Timing: Start NAD⁺ support when you start the peptide protocol, not after you notice stalling. The goal is to ensure capacity is adequate while demand increases, not to rescue after a ceiling is hit.
Route and dose:
- Oral precursors (NR/NMN 300-500mg daily) as foundation for minor injuries and maintenance
- Subcutaneous/intramuscular NAD⁺ (100-250mg, 2-3x weekly) during active healing phases for significant injuries, surgical recovery, or known depletion
Duration: Continue NAD⁺ support through the healing period. Tissue remodeling continues for weeks to months after acute healing completes. Sustained capacity matters.
What to Expect
NAD⁺ support does not make peptides work faster in a dramatic way.
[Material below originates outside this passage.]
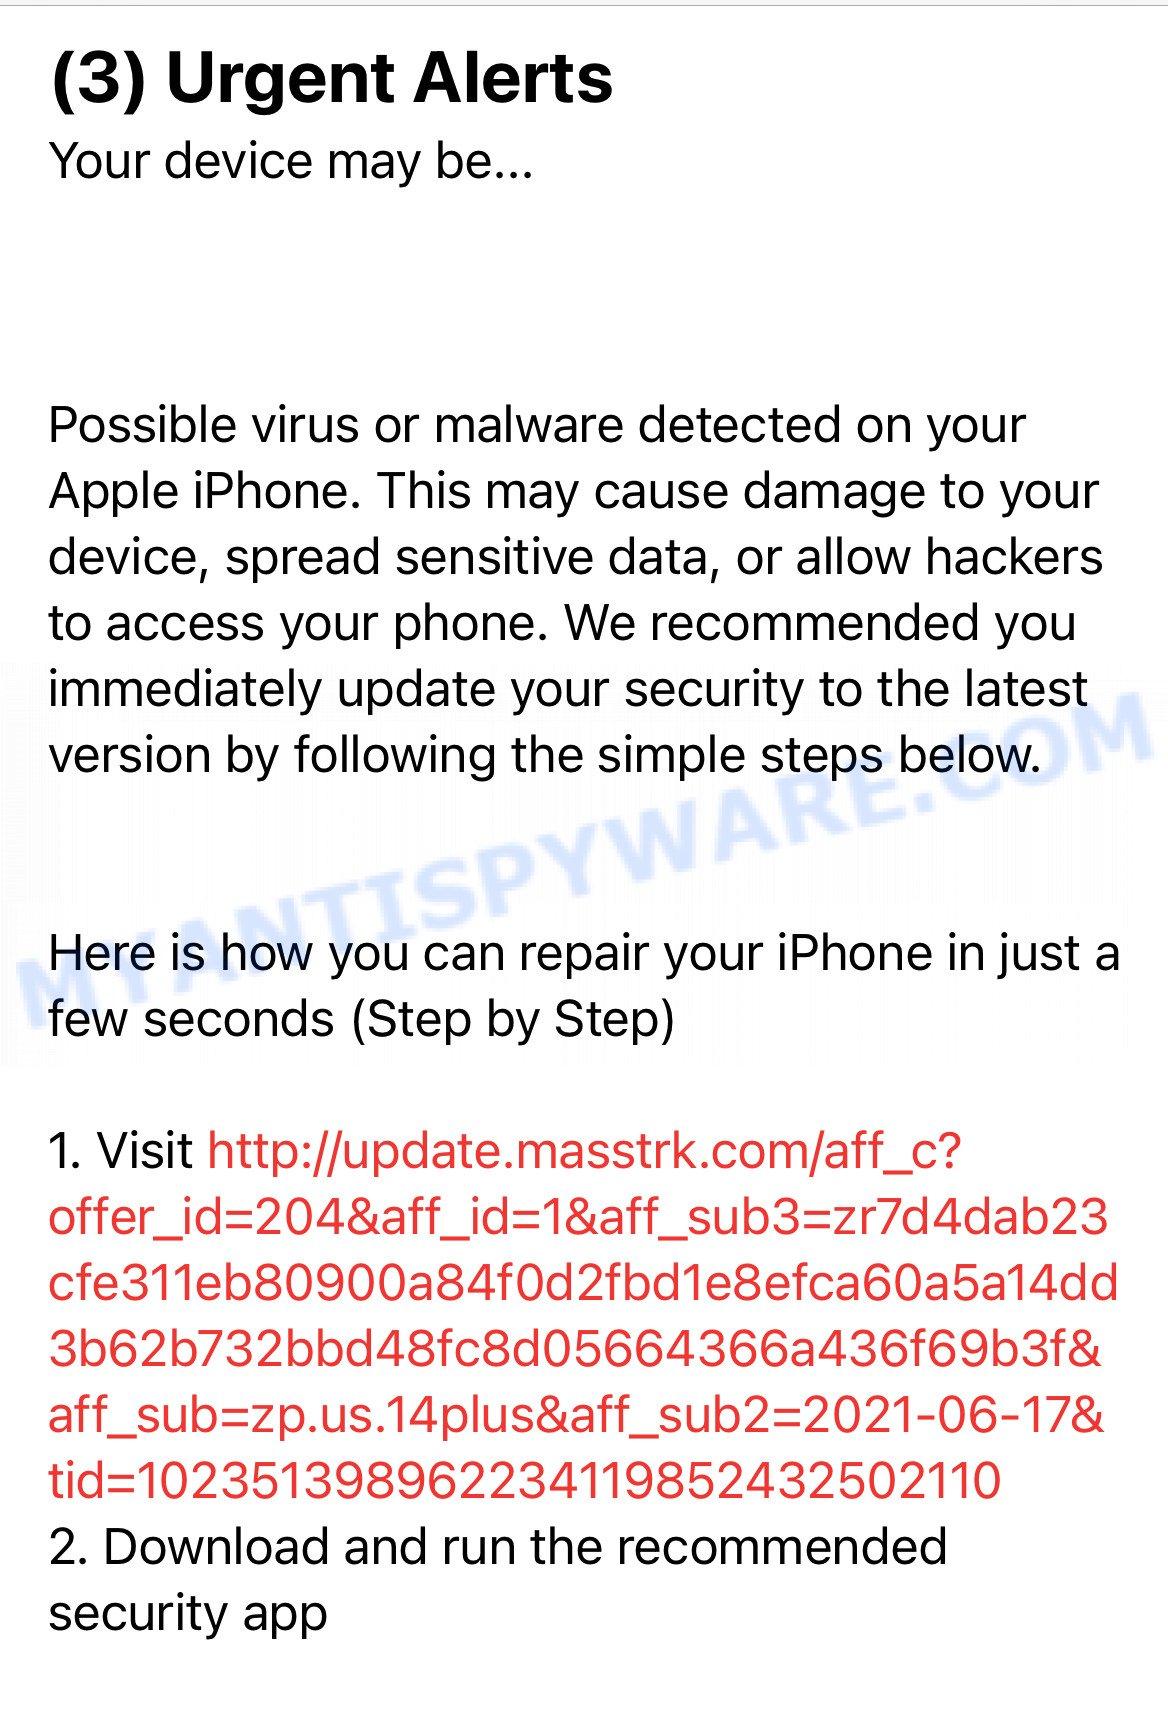 masstrk fake alert

The benefit is:
- More complete execution of peptide signals
- Fewer stalls and plateaus mid-healing
- Better consolidation of initial gains
- Less fragility in healed tissue
The subjective experience is often "healing that finishes" rather than "healing that starts strong then stalls." Not more dramatic—more complete.
Limitations
Human data specifically on NAD⁺ combined with healing peptides does not exist. The logic is mechanistic: peptides increase energy demand, NAD⁺ supports energy production, therefore NAD⁺ should support peptide efficacy. This is plausible and coherent, not proven by controlled trials.
Individual response varies. Some people notice clear differences with NAD⁺ support; others notice little. Baseline depletion, injury type, and genetics all matter.
NAD⁺ support does not fix poor peptide sourcing, inadequate dosing, or inappropriate protocols. It is one variable—the capacity layer—not the whole picture.
Cancer considerations apply. NAD⁺ supports cellular metabolism broadly. Active cancer is a contraindication. Cancer history warrants discussion with an oncologist before any NAD⁺ supplementation protocol.
References
- Cantó C, et al. NAD+ metabolism and the control of energy homeostasis. Cell Metabolism 2015.
- Yoshino J, et al. NAD+ Intermediates: The Biology and Therapeutic Potential. Cell Metabolism 2021.
- Sims CA, et al. Nicotinamide mononucleotide preserves mitochondrial function and increases survival in hemorrhagic shock. JCI Insight 2018.